We investigate the brain pathways that underlie the generation and regulation of pain and emotion. We combine behavioral, psychological, physiological, and functional neuroimaging measures to model experiences of pain and emotion. Additionally, we test the effacacy of various treatments to modulate these experiences. We emphasize developing and using new analysis methods to gain a clearer picture systems-level interactions among of brain regions. We have developed techniques that include multilevel mediation, multivariate brain connectivity, and statistical learning to form predictive models of brain activity.

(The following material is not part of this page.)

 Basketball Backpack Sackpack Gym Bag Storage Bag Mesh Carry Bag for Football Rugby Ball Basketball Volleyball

A specific approach that we are particularly excited about is the use of statistical learning (i.e., machine learning) to develop fMRI-based biomarkers for clinically relevant outcomes (e.g., pain) and subsequently test how psychological factors influence these biomarkers. In the area of pain, this approach could a) establish that a particular pattern of brain activity is diagnostic of physical pain, b) test whether the biomarker is specific to physical pain and/or particular types of pain, and c) test whether psychological manipulations such as placebo treatments and other clinical interventions influence the biomarker. Developing such biomarkers could thus advance pain research by providing objective, physiological correlates of pain in those who are unable to provide subjective reports, and could advance research in psychology by providing tests of psychological influences on the physical representation of pain at multiple levels of the neuraxis.

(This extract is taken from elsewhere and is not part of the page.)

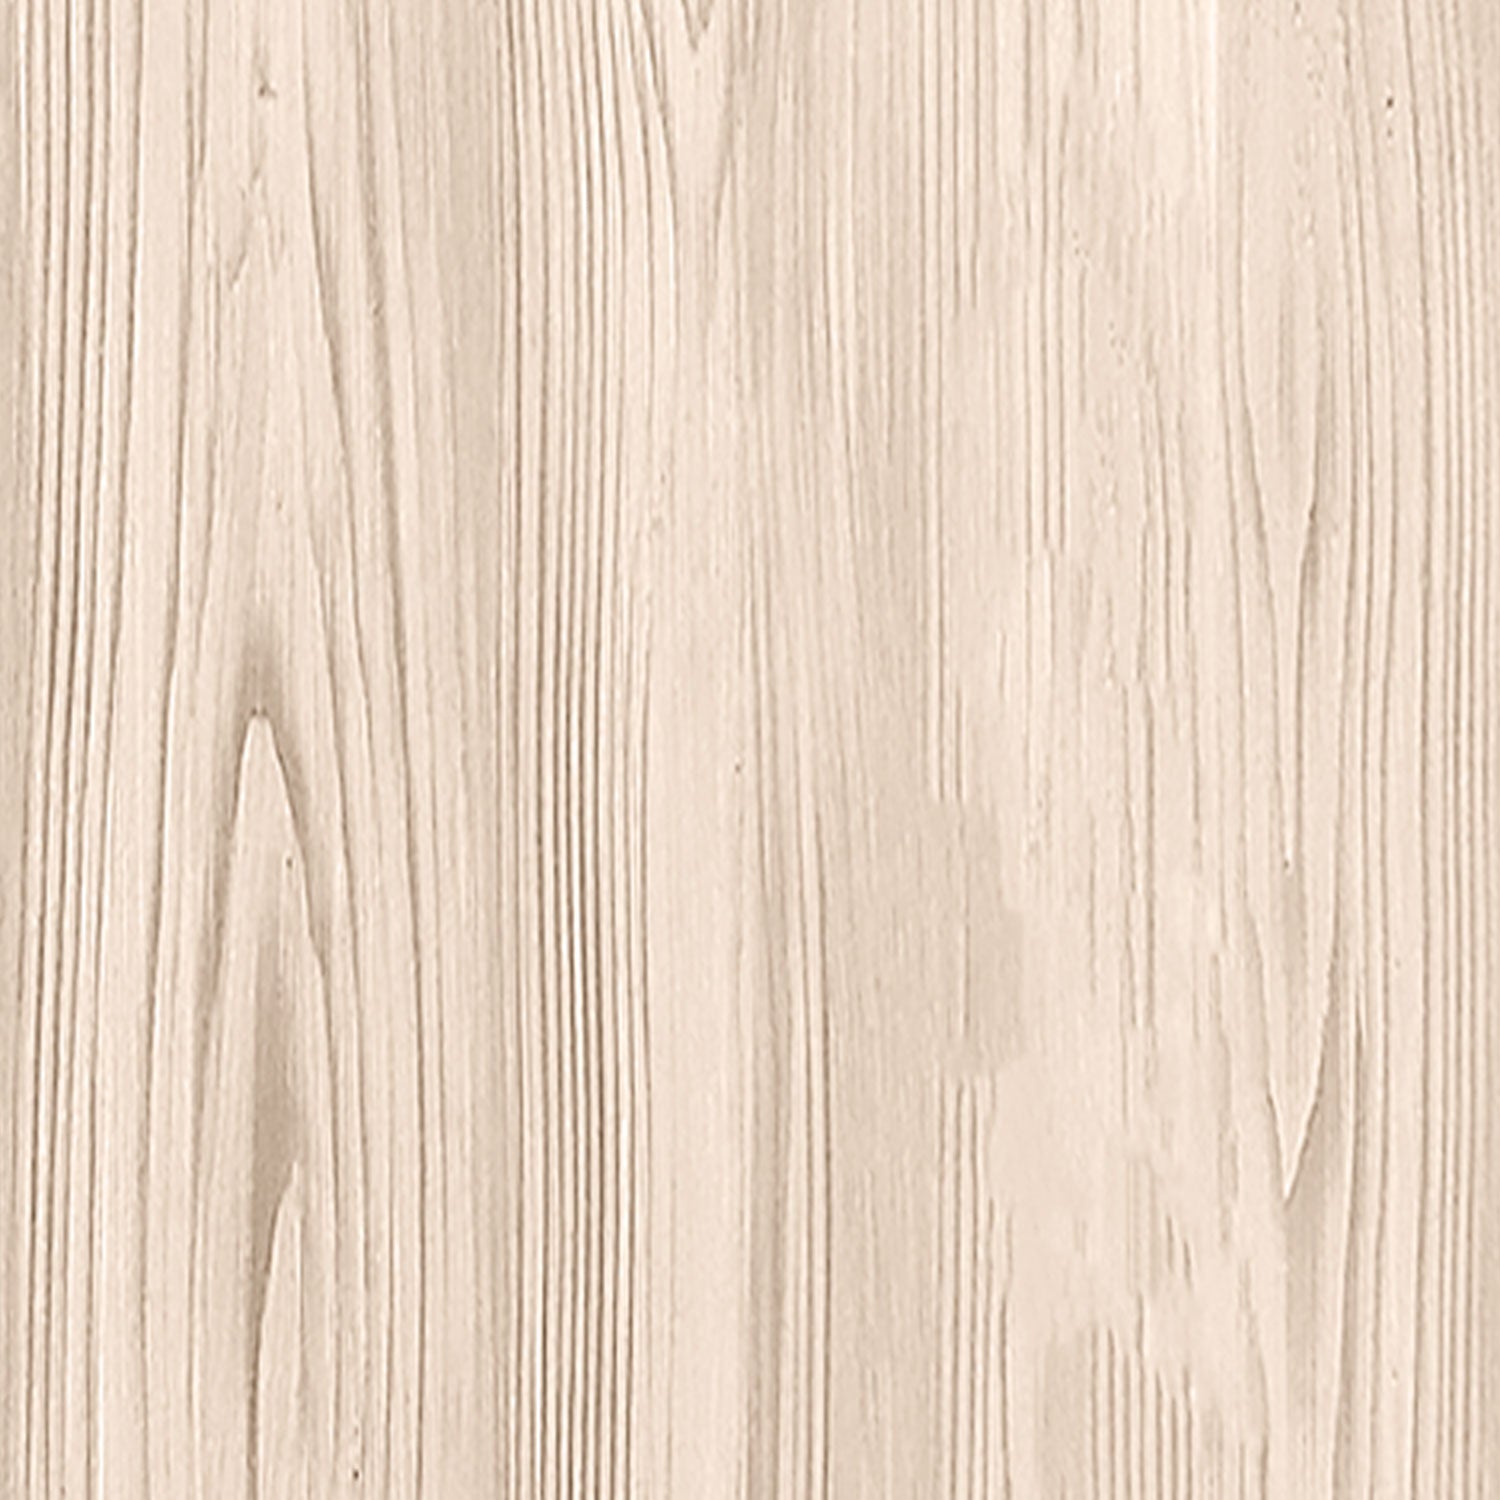 Multi-purpose Wood'n Kit (Med) - White Oak

Our lab is also involved with integrative translational science. We use pattern recognition to develop generalizable measures of affective processes and understand how they are represented in the brain. We are working to integrate with large-scale neuroimaging data in order to contribute to population neuroscience. We are involved with clinical studies to develop and test novel psychological and behavioral/physiological interventions. Additionally, we investigate the nature of brain-body relationships, including autonomic responses and inflammation.